Update: longer explanation of DHCP vs ARP follows:
I said that DHCP doesn't care about MAC addresses; that's not entirely accurate: DHCP uses the MAC address to assign an IP address (and other parameters, such as DNS, routes, etc.) to the client, but it's not responsible for how other computers resolve IP's to MAC's. You can run a network with no DHCP server, and it will work just fine.
ARP is the protocol that lets other computers look up your MAC address based on your IP address. It's a decentralized process that uses a broadcast to ask "who has IP x.x.x.x?", and the owner of IP x.x.x.x responds with "That's me!"
If two computers had the same MAC and the same IP, they would both respond with the "that's me!" message at the same time. The receiving computer wouldn't know how to handle that: I believe the response to that situation is undefined, since it's never supposed to happen.

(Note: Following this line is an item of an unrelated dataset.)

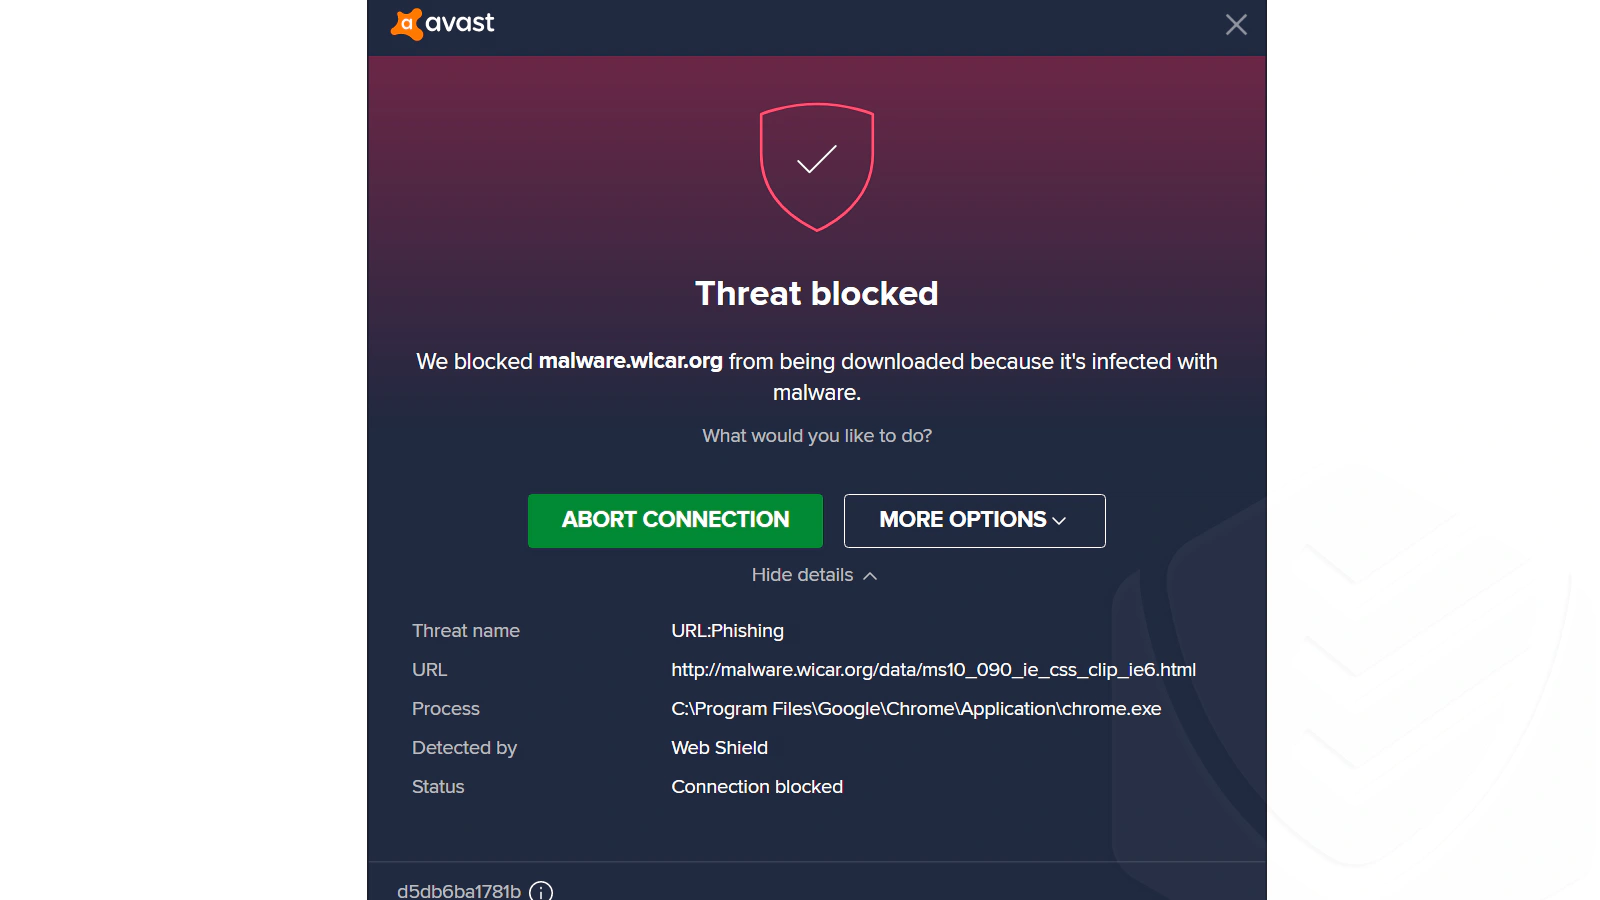 
O Avast bloqueou o wicar.org

My guess is that the first response would "win".
If two computers had two different IP's, but the same MAC, there are two possible outcomes: it's actually possible that they could, to a limited degree, communicate with other hosts on the same network, but only in a non-switched environment (for example, two hosts on the same WiFi router or an old Ethernet hub.)
In reality, though, network drivers check for address collisions and fail to start up when another computer responds to the "does anyone else have this MAC address?" question. Back in the ARCNet days, when you used 12 DIP switches to set the MAC, we used to have that happen sometimes. The network card drivers would fail when we made the mistake of setting a card to an address that was always in use.